We are collecting the statistical test results in a new DataFrame with p-value and log FC

In [None]:
ttest_results = pd.DataFrame(0, index = selected_exp_data.columns, columns = ['P-value', 'HCC/Normal Log FC'])

for gene in selected_exp_data.columns:
    normal_exp = selected_exp_data[gene].loc[*FILL HERE*]
    cancer_exp = selected_exp_data[gene].loc[*FILL HERE*]
    
    ttest_results.loc[gene, 'P-value'] = ttest_ind(*FILL HERE*)[1]
    ttest_results.loc[gene, 'HCC/Normal Log FC'] = *FILL HERE*
    
ttest_results.head()

### Use statsmodels package to perform Benjamini-Yekutileli correction with FDR cutoff of 0.01
How many statistically significant DEGs are there?

Ans:

In [None]:
by_result = multipletests(*FILL HERE*, method = *FILL HERE*, alpha = *FILL HERE*)
by_filter = by_result[0]
print('number of significant DEGs:', *FILL HERE*)

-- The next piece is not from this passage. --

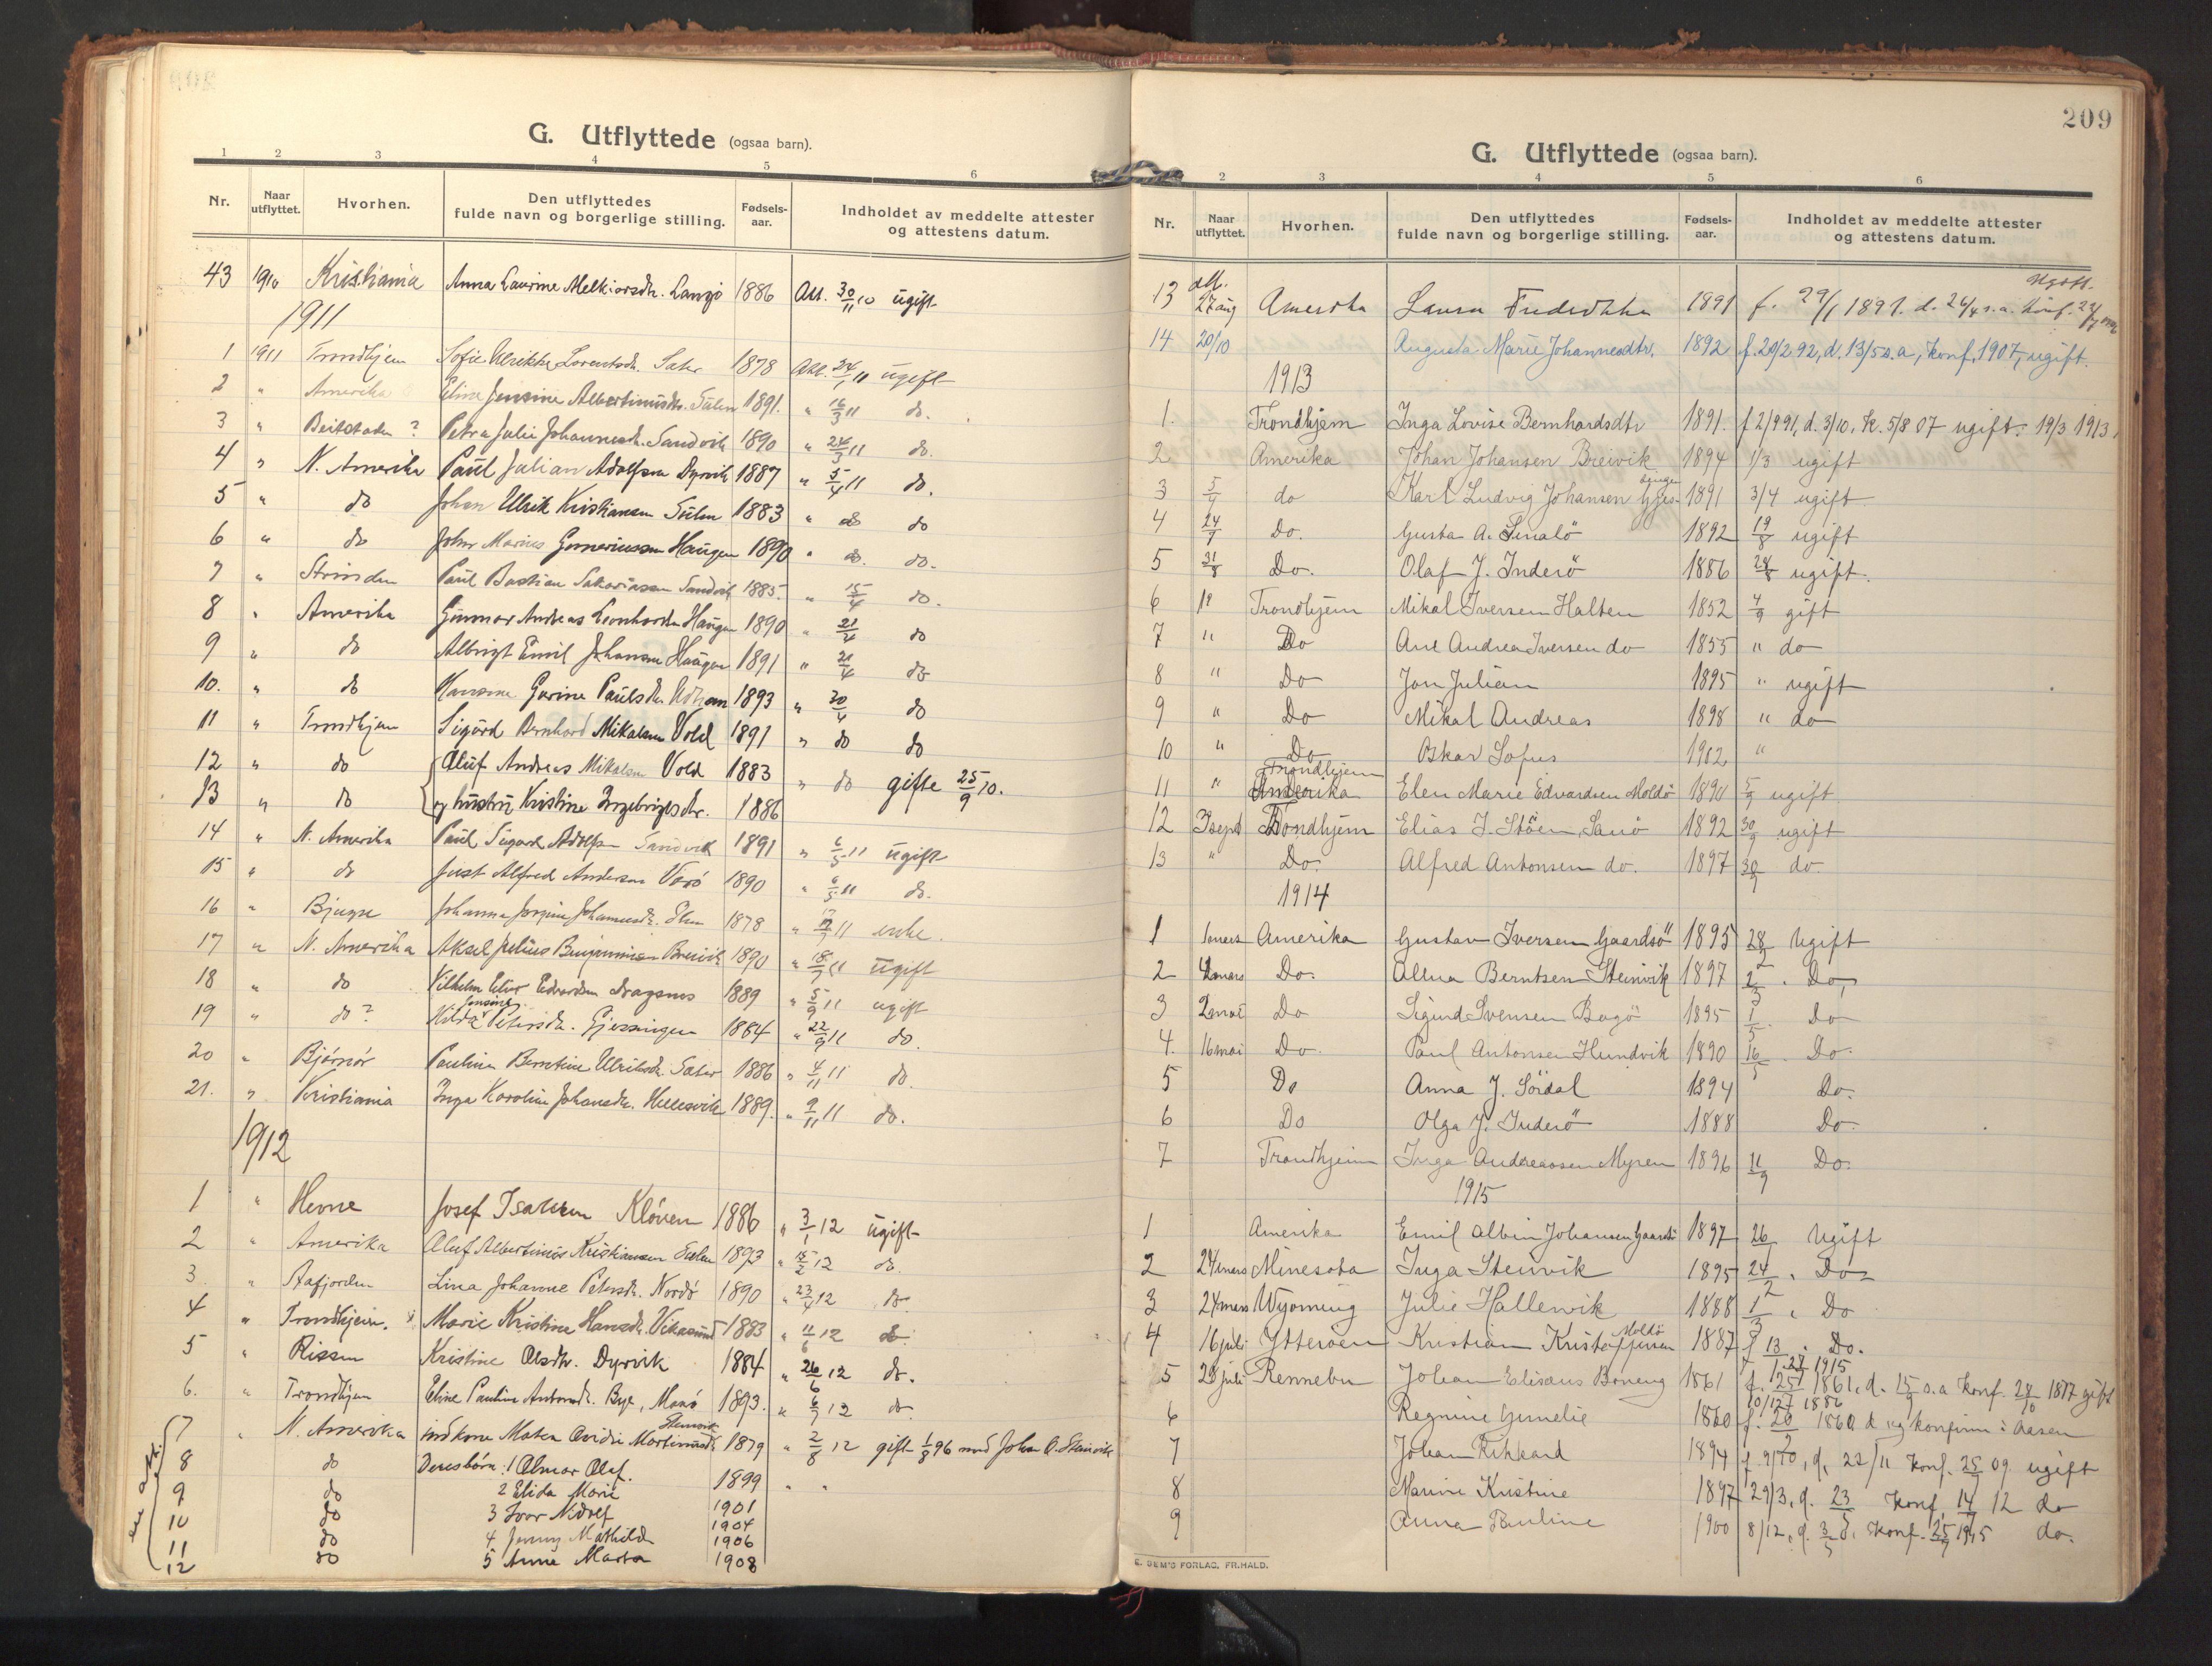 SAT, Ministerialprotokoller, klokkerbøker og fødselsregistre - Sør-Trøndelag, 640/L0581: Ministerialbok nr. 640A06, 1910-1924, s. 209

### Let's apply fold change cutoff at 2-fold
How many statistically significant DEGs also have 2 or higher fold change across the two groups? 

Ans:

In [None]:
fc_filter = *FILL HERE*
combined_filter = by_filter & fc_filter

print('number of significant DEGs with 2 or higher fold change:', *FILL HERE*)

### Visualize volcano plot

In [None]:
plt.figure(figsize = (7, 4))

plt.scatter(*FILL HERE*, s = 3, label = 'Other genes') ## plot all other genes
plt.scatter(*FILL HERE*, s = 3, label = 'DEGs') ## plot only significant DEGs

plt.xlabel('HCC/Normal Log FC'); plt.ylabel('Minus Log P-value'); plt.legend()
plt.show()

## Q8: There is a gene with ~10 log FC but does not have as low p-value as other DEGs
Identify what gene it is and visualize its expression in HCC and normal group using violin plot

Ans:

In [None]:
ttest_results.sort_values('HCC/Normal Log FC', ascending = False).head(3)

In [None]:
*FILL HERE* ## show violin plot for the top gene

### Compare the above pattern with another gene with the lowest p-value
Which gene has the lowest p-value? Visualize its expression in HCC and normal group using violin plot

Ans:

In [None]:
ttest_results.sort_values('P-value').head(3)

In [None]:
*FILL HERE* ## show violin plot for the top gene

### Do the two violin plots agree with observed fold changes and p-values for these two genes?
Ans:

## Q9: Visualize the expression of these two genes on PCA and UMAP scatter plots
Use subplot to include all 4 scatters onto the same figure

In [None]:
*FILL HERE*

## Q10: Let's build a logistic regression model to diagnose HCC from normal
The required packages are imported for you

In [None]:
from sklearn.linear_model import LogisticRegression
from sklearn.model_selection import StratifiedKFold, GridSearchCV

five_fold_splitter = StratifiedKFold(n_splits = 5, shuffle = True, random_state = 25) ## split data into 5 equal partitions

### Define the base model and use GridSearchCV to try every hyperparameter combination
Fit **GridSearchCV** on standardized data

In [None]:
base_model = LogisticRegression(max_iter = 1000, solver = 'liblinear', random_state = 25) ## this is our base hyperparameters
hyperparameters = {'penalty': ['l1', 'l2'],
                   'C': [1e-5, 1e-4, 1e-3, 1e-2, 1e-1, 1, 10, 100]}

tuned_model = GridSearchCV(base_model, param_grid = hyperparameters, scoring = 'accuracy', 
                           refit = True, cv = five_fold_splitter)
tuned_model.fit(*FILL HERE*)

### View the top 5 hyperparameter sets
What is the best hyperparameter setting? 

Ans:

What is the achieved accuracy?

Ans:

In [None]:
tuned_result = pd.DataFrame.from_dict(tuned_model.cv_results_)
tuned_result = tuned_result.sort_values('rank_test_score')
tuned_result[['params', 'mean_test_score', 'std_test_score']].head(5)

# Congratulations for reaching the end of this year's problem set!!